> [Extracted material]:
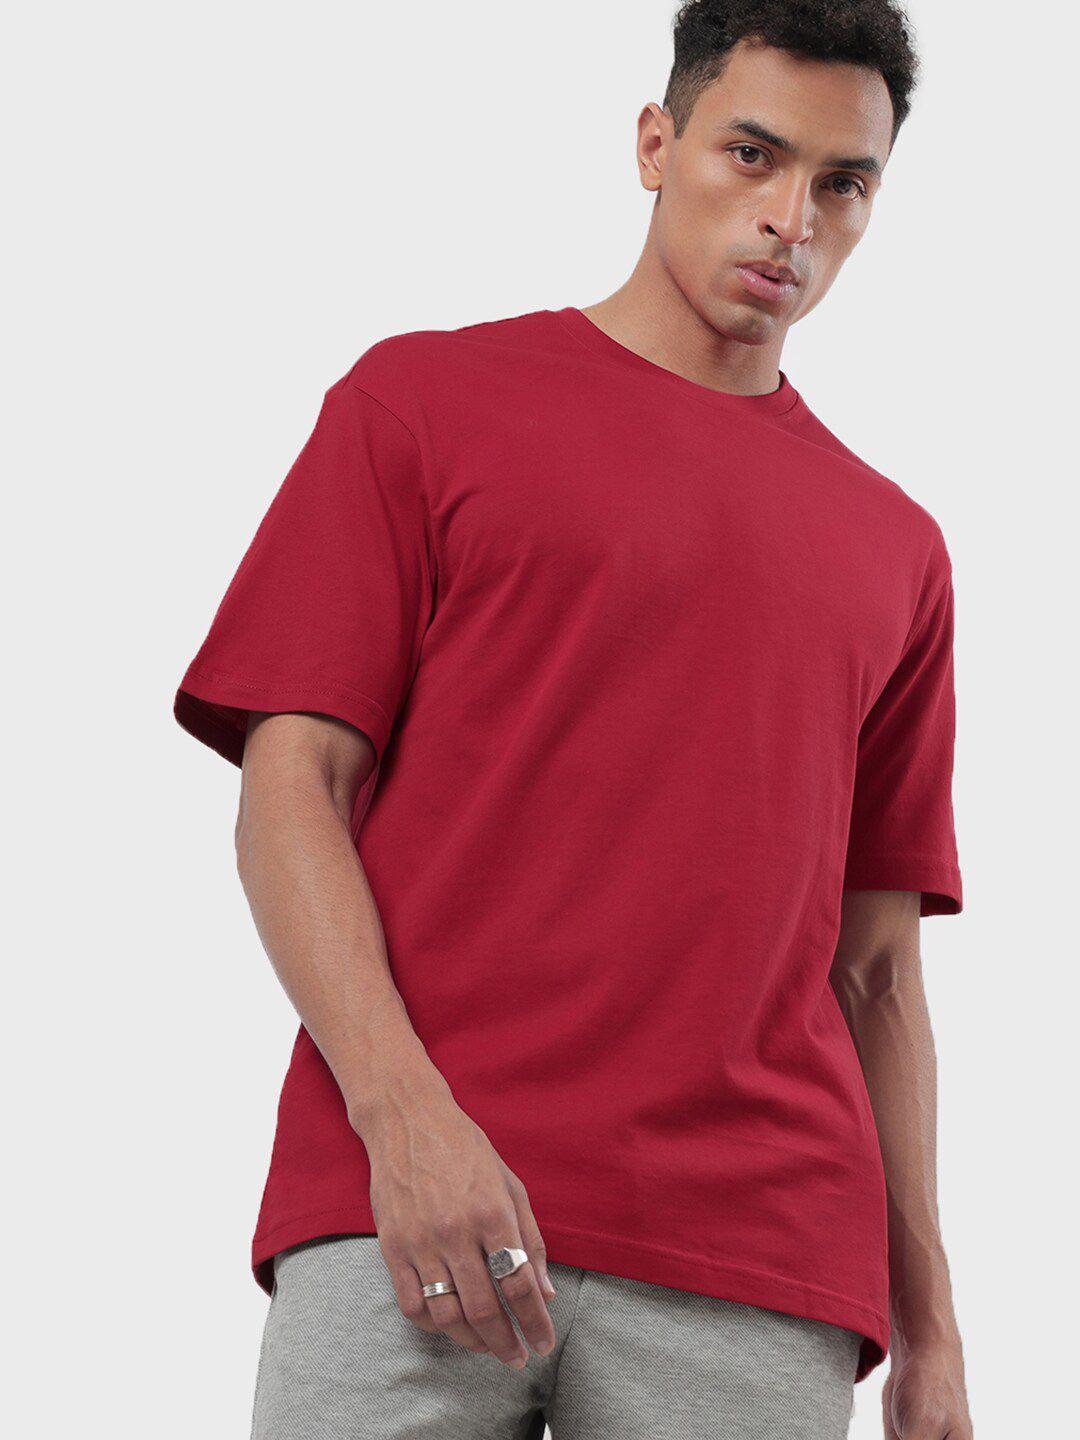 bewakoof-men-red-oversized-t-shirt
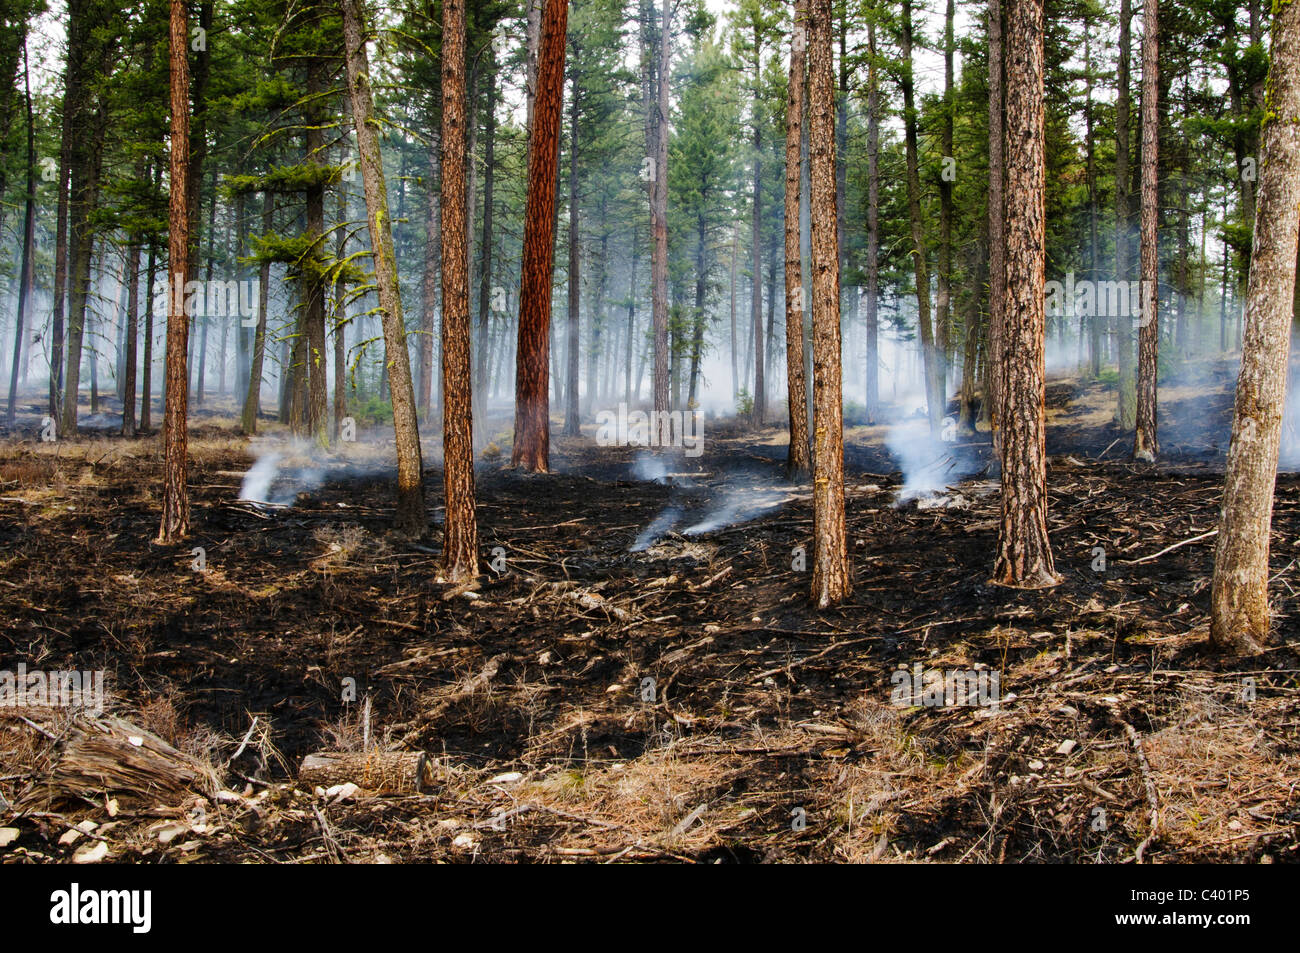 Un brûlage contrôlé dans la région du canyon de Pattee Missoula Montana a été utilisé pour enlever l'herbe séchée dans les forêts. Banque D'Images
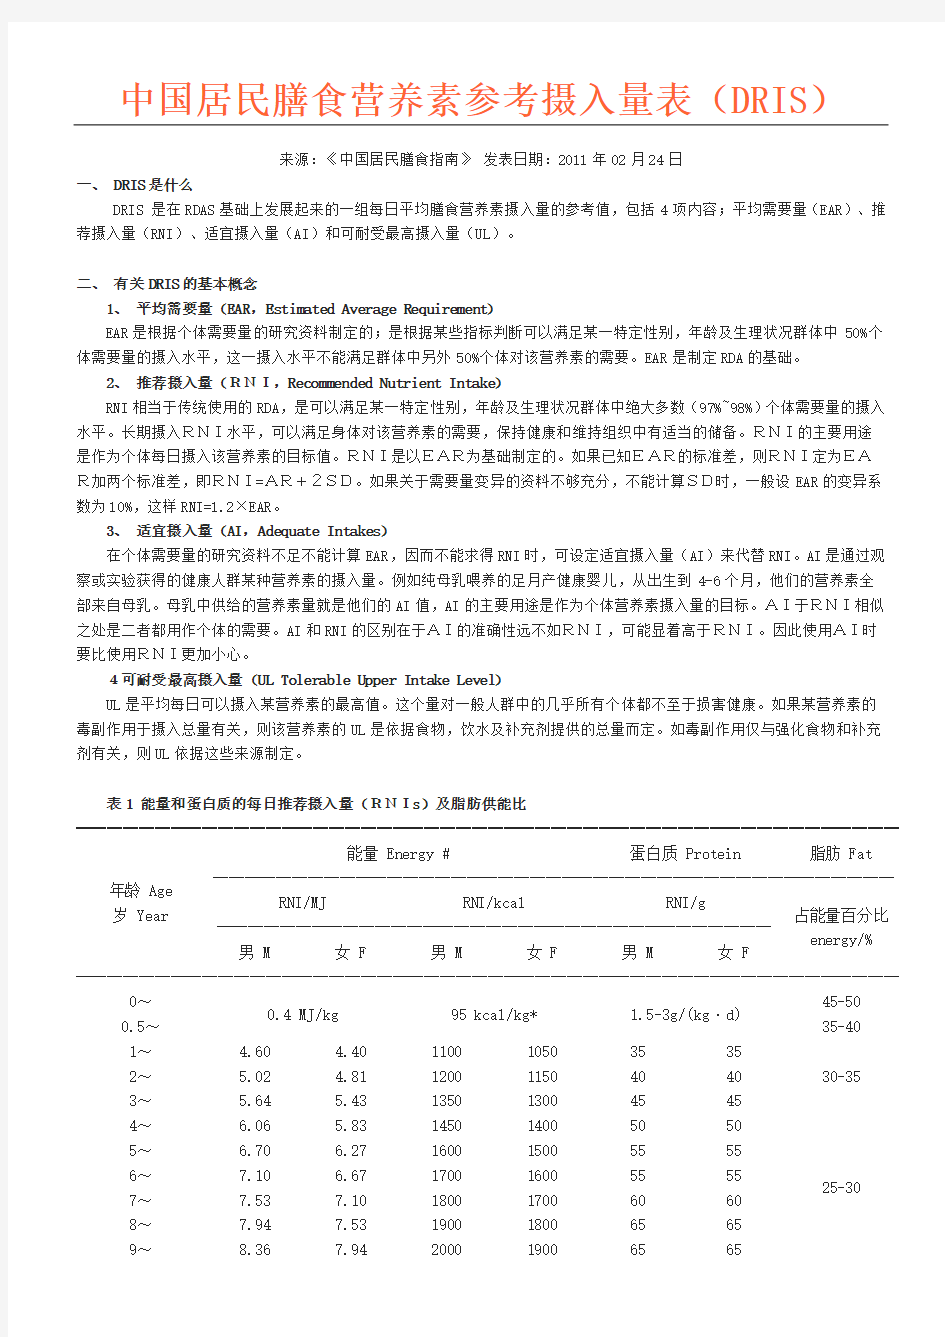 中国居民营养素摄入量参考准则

--

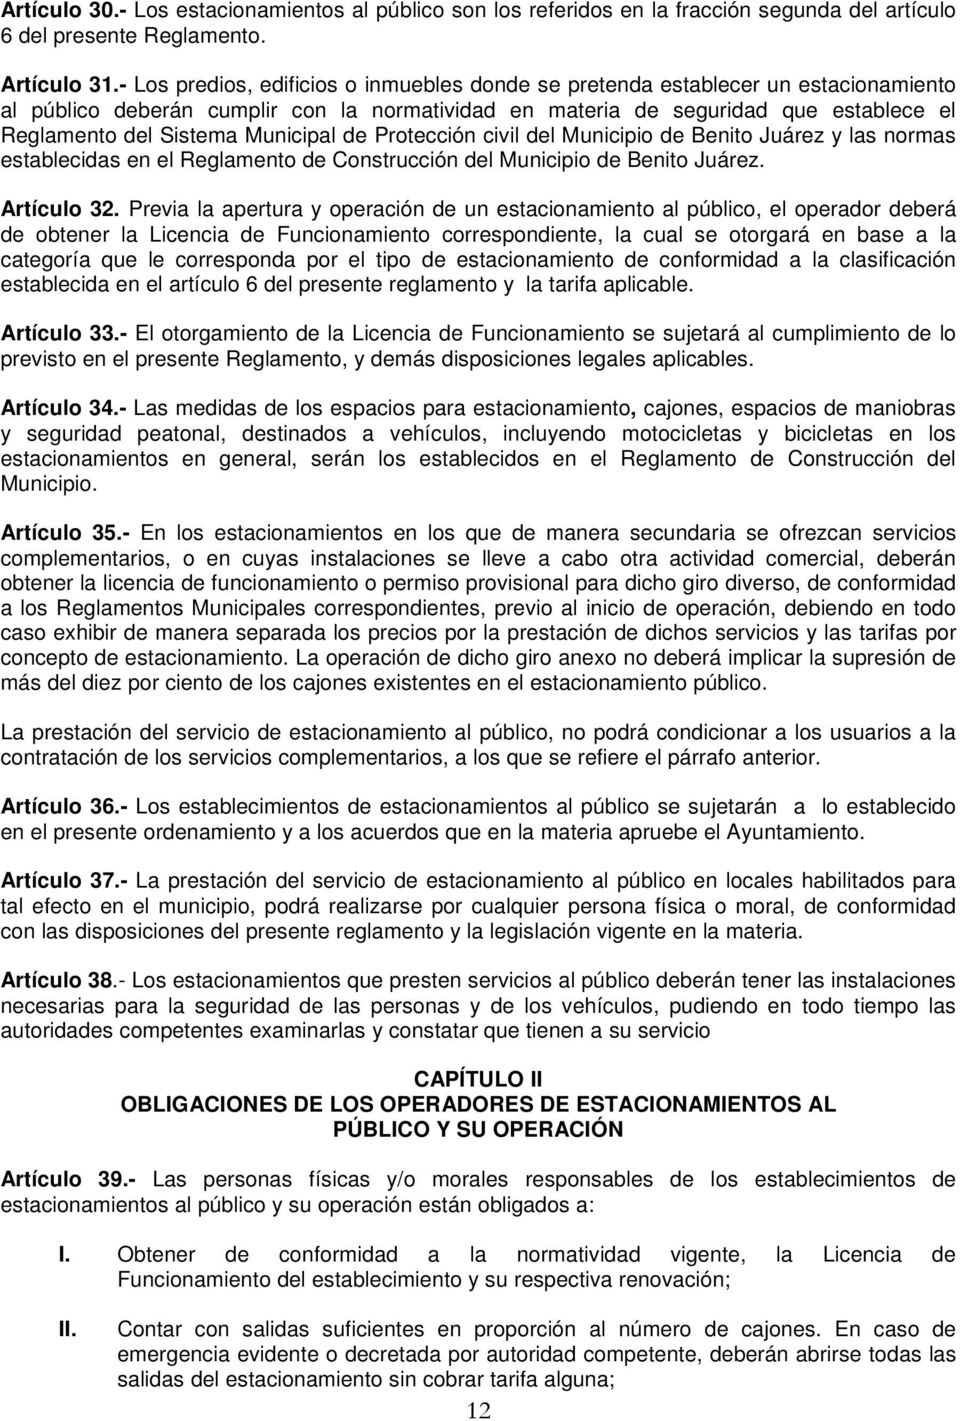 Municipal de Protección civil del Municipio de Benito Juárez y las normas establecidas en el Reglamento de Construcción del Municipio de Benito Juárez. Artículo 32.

> [Your task]:
Your answer must be the exact lines from the records above, from the one containing "Un brûlage contrôlé" through the one containing "中国居民营养素摄入量参考准则", both included, with every picture left out.

> [Result below]:
 Un brûlage contrôlé dans la région du canyon de Pattee Missoula Montana a été utilisé pour enlever l'herbe séchée dans les forêts. Banque D'Images
 中国居民营养素摄入量参考准则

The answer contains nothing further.